Sendoh felt the man in his arms sigh, and tucked the other's head under his chin. This is it. What if he still says no? I remember what he said, when he thought I was asleep. He said he and Maki had dreams of their future together, dreams that he could not afford to turn his back to... But I'm not gonna make him do that. I just... It's just kind of like I'd be borrowing him from Maki from time to time, before they get married. And then when they get married, I'll...I'll just be his friend--best friend, if he'd allow me to be.

It was as if hours went past them, until Koshino broke the silence. "Akira?"

"Hai?"

Koshino gently untangled himself from Sendoh's arms, his face set in a determined expression.

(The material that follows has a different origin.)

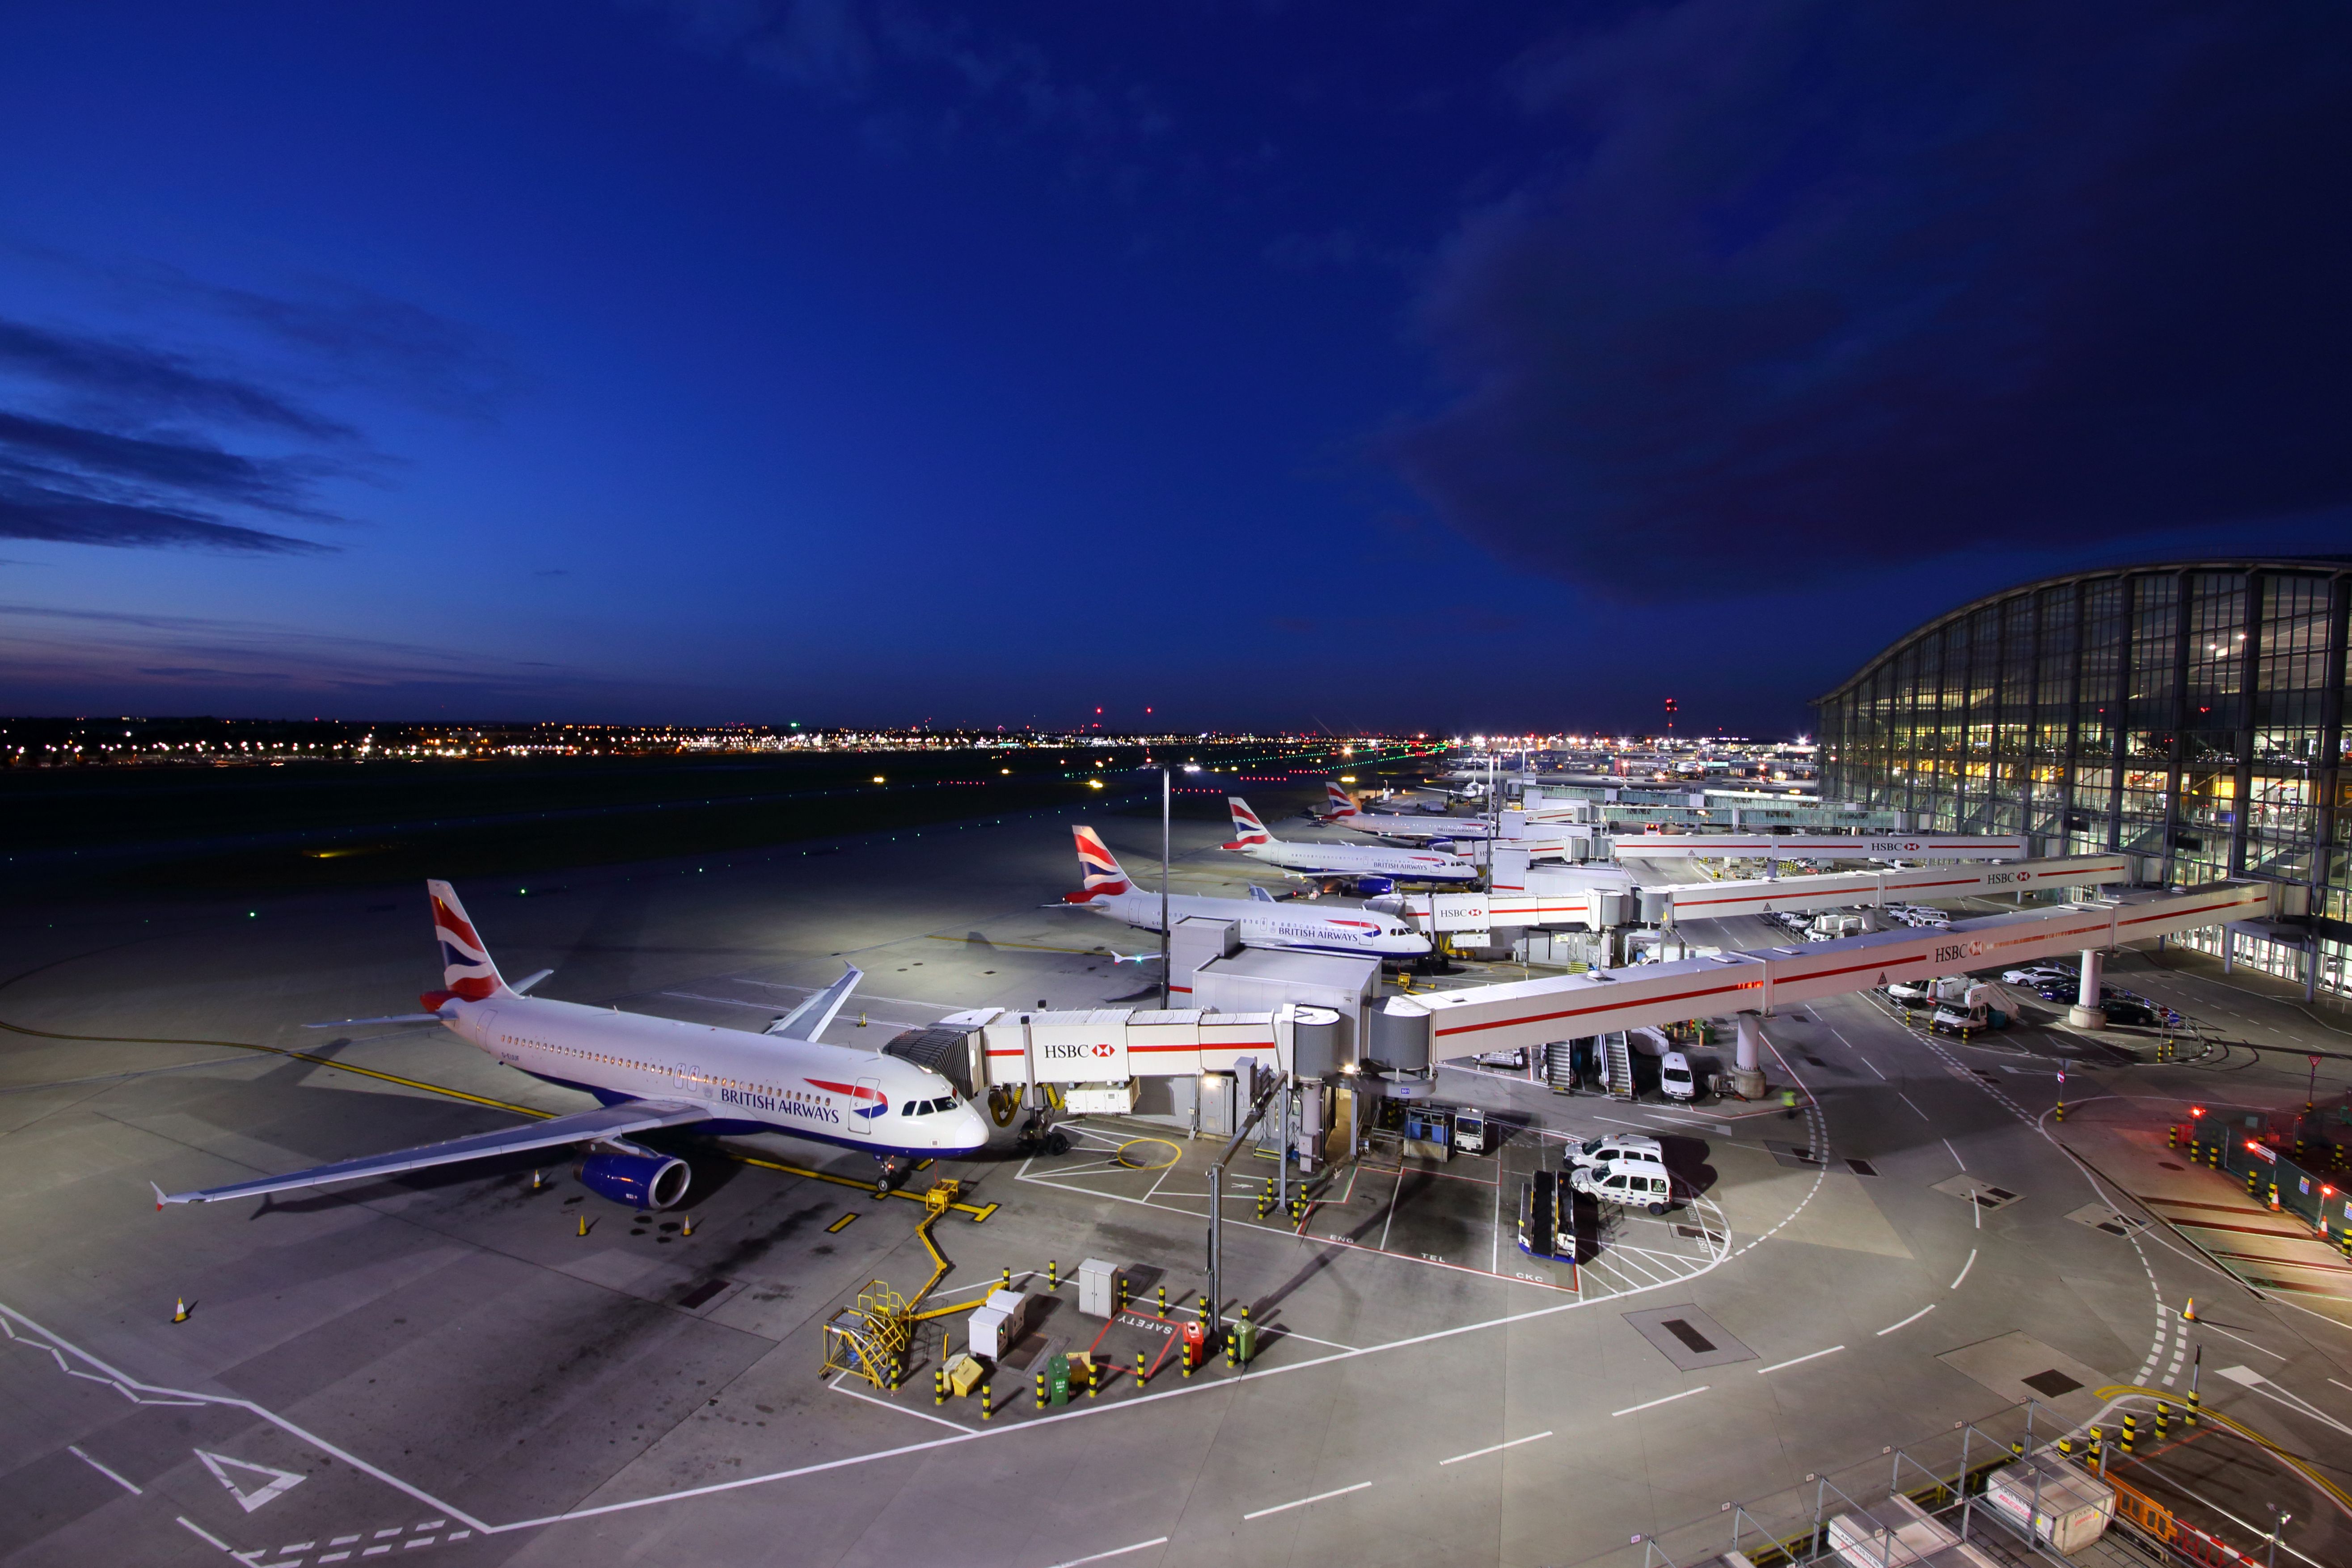 London Heathrow Airport British Airways A320s

Sendoh, meanwhile, felt like his insides were screaming at the action, that his Hiro-kun was moving away from him, making him feel so hopeless, and the decision so final. But before he was able to protest, before he was able to move and put his arms around Koshino again, he found the other's index finger over his lips to silence him.

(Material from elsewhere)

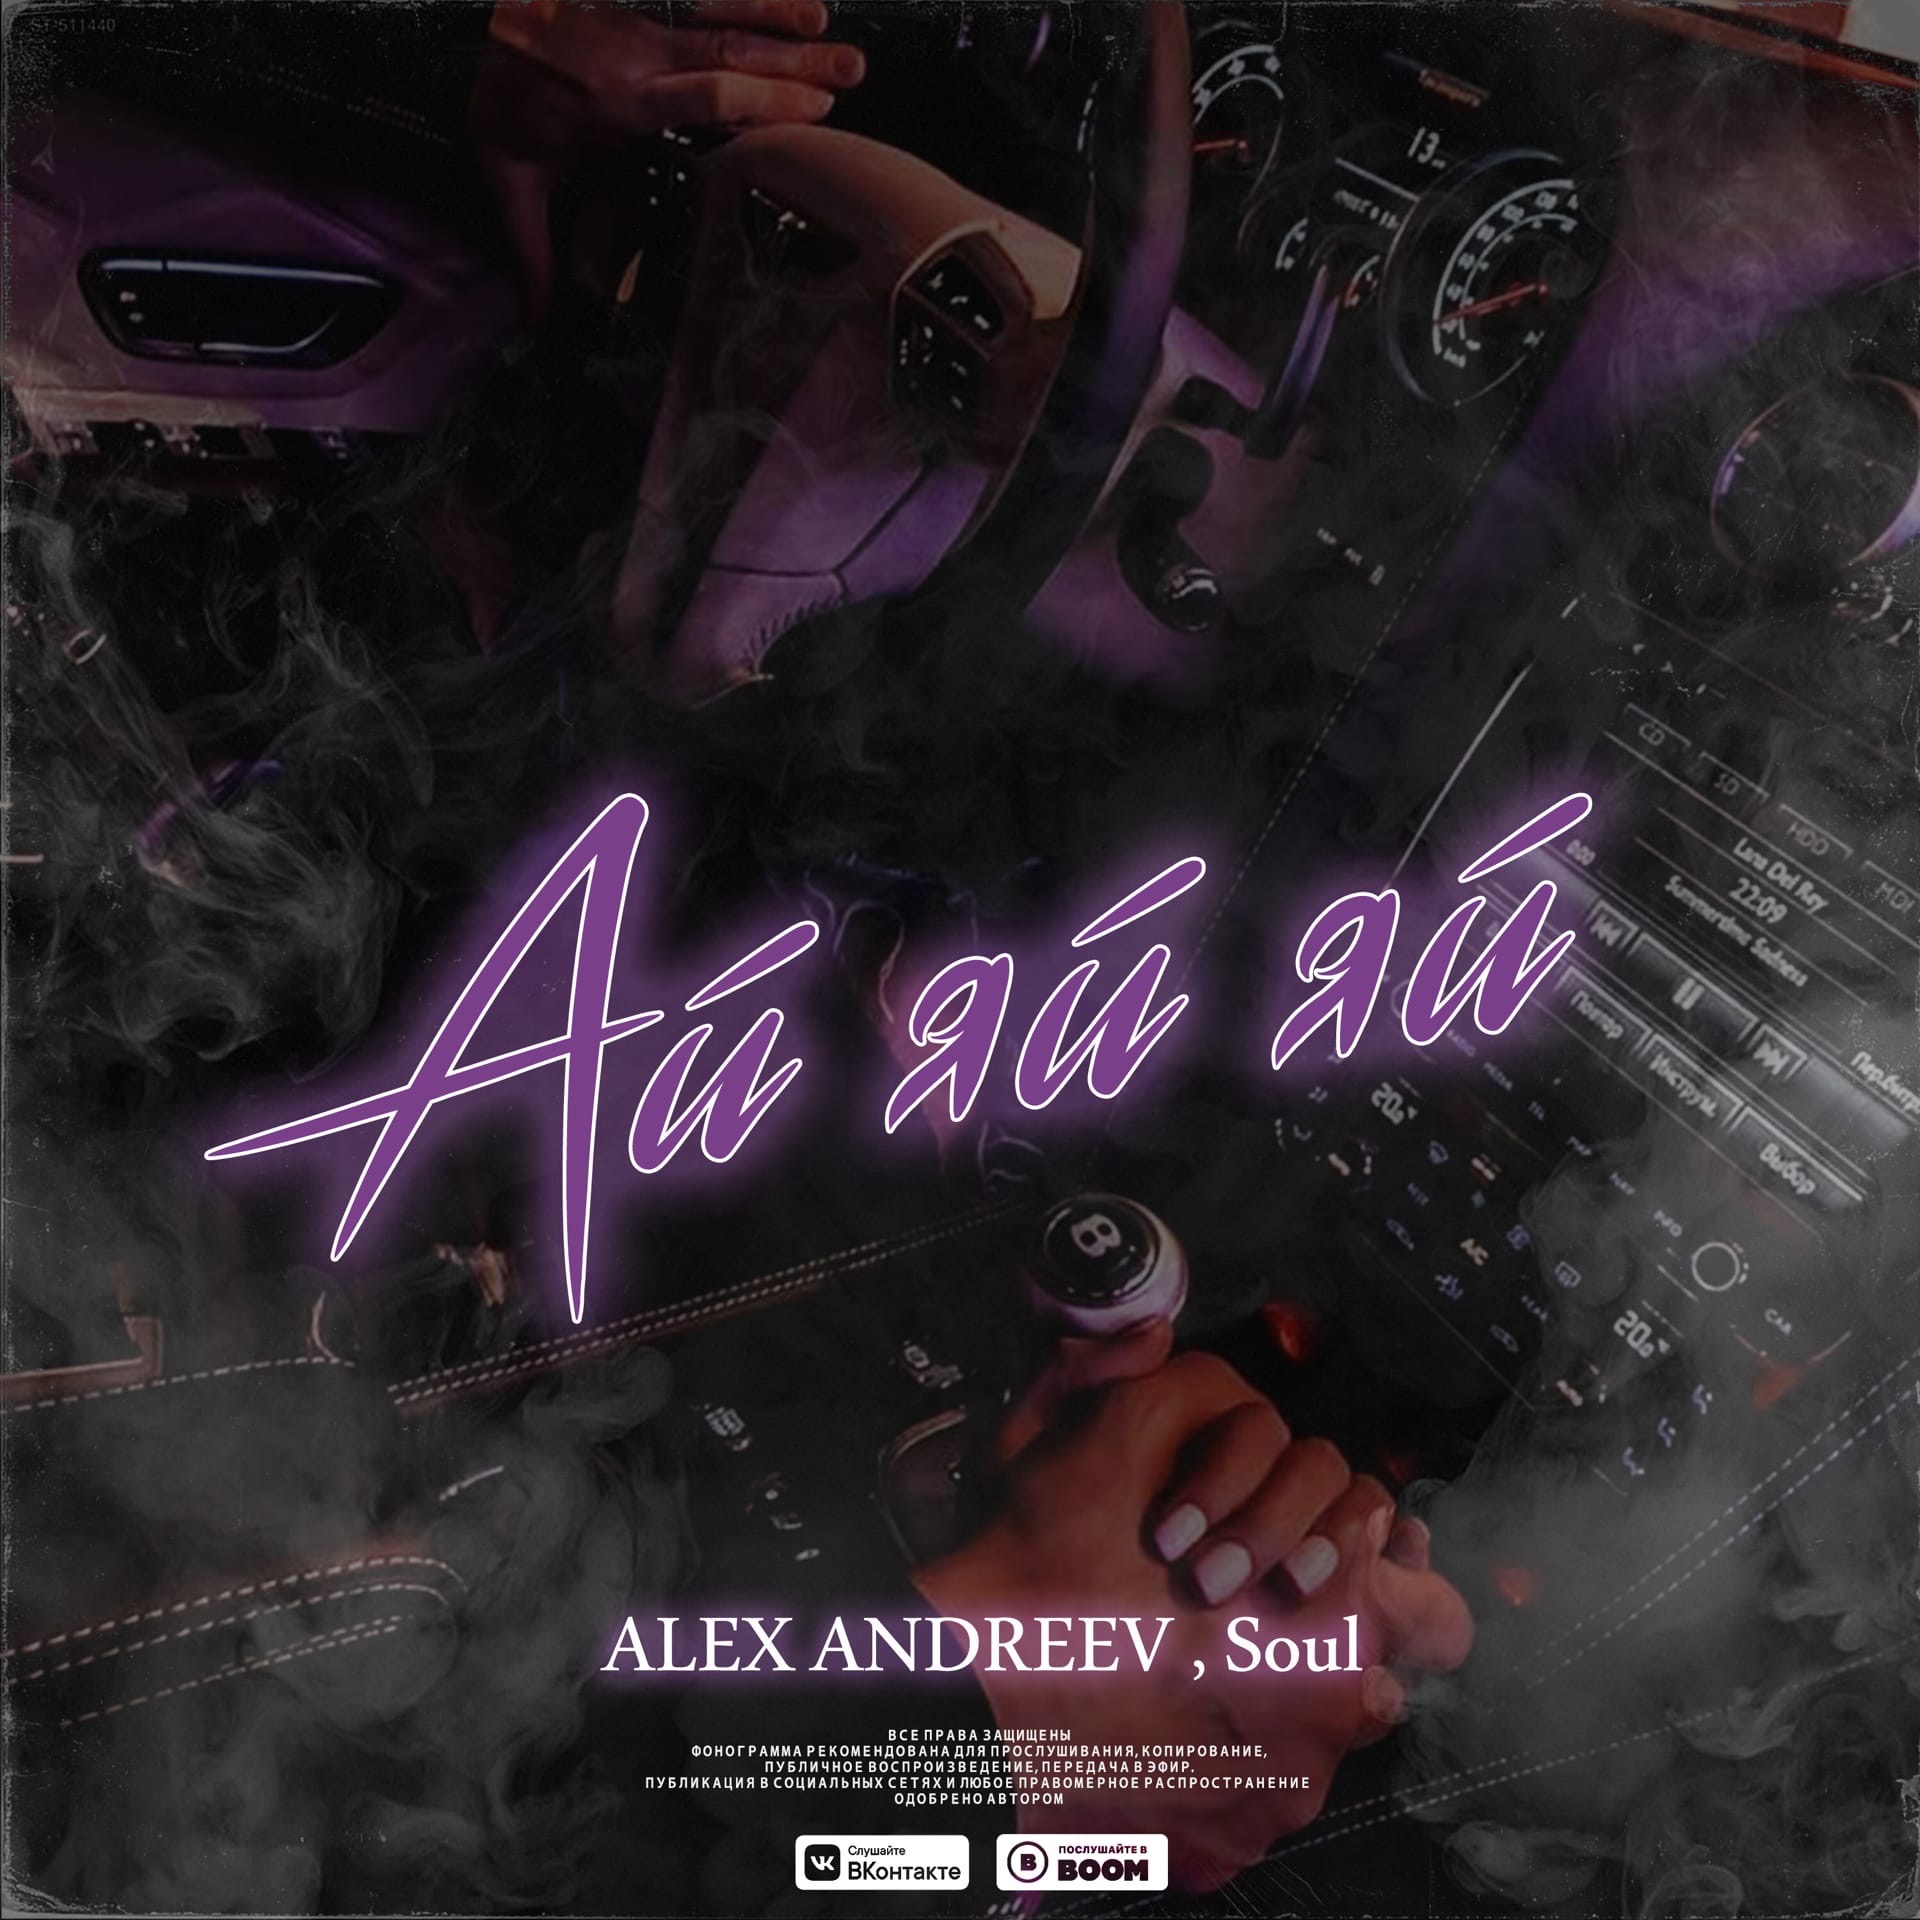 Словно дикий песня. Alex Andreev Soul ай яй. Премьера Alex Andreev, Soul ай-яй-яй. Алекс Андреев песни.

"I'm going to try my best to give you an answer today, okay, Akira?" Koshino said softly, yet firmly. "I need some time to think things through."

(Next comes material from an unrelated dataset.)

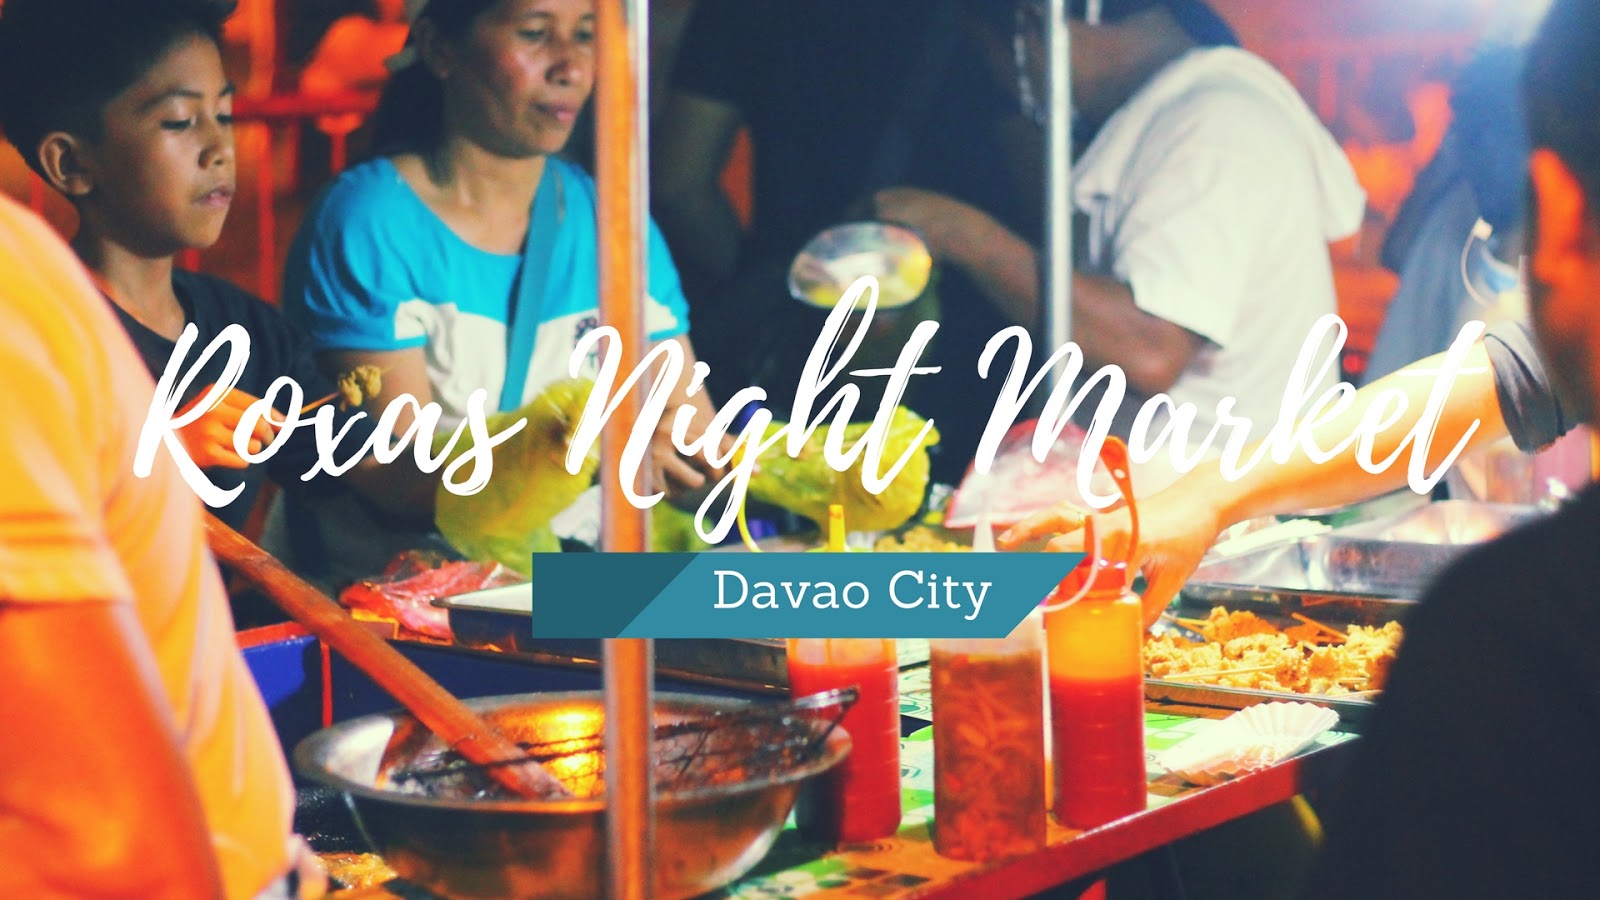 Roxas Night Market Davao City

Although Sendoh concluded that he could still hope, he was not fully comforted by what the other man said. Are you only delaying the inevitable, Hiro-kun? Are you only delaying this because you're not comfortable rejecting me?

"Okay, Akira?"

Sendoh swallowed his trepidation, and nodded once. "Okay."

±

It was stupid. He knew he should not have promised that, should not have given such a short time limit. Hell, he should have just screamed no so that he didn't have to think, didn't have to consider. He should have said no so that his life would have been less complicated. He should have said no, so that his life would go back to the way it was. Less complicated, structured, reliable, goal-oriented, focused, predictable, no surprises whatsoever, no irritating idiots dogging my every move, no spiky-haired pervert trying to cop a feel inside every elevator or relatively deserted place, no unannounced morning pick-ups, no regular lunch-outs, no incriminating and pointless memo every now and then, no teasing, no blatant ogling...no tenderness nor thoughtfulness nor devoted warmth--

But there ARE those things! Koshino argued with himself. Shinichi's always been tender and thoughtful and devoted and warm...well, whenever we were officially together. But...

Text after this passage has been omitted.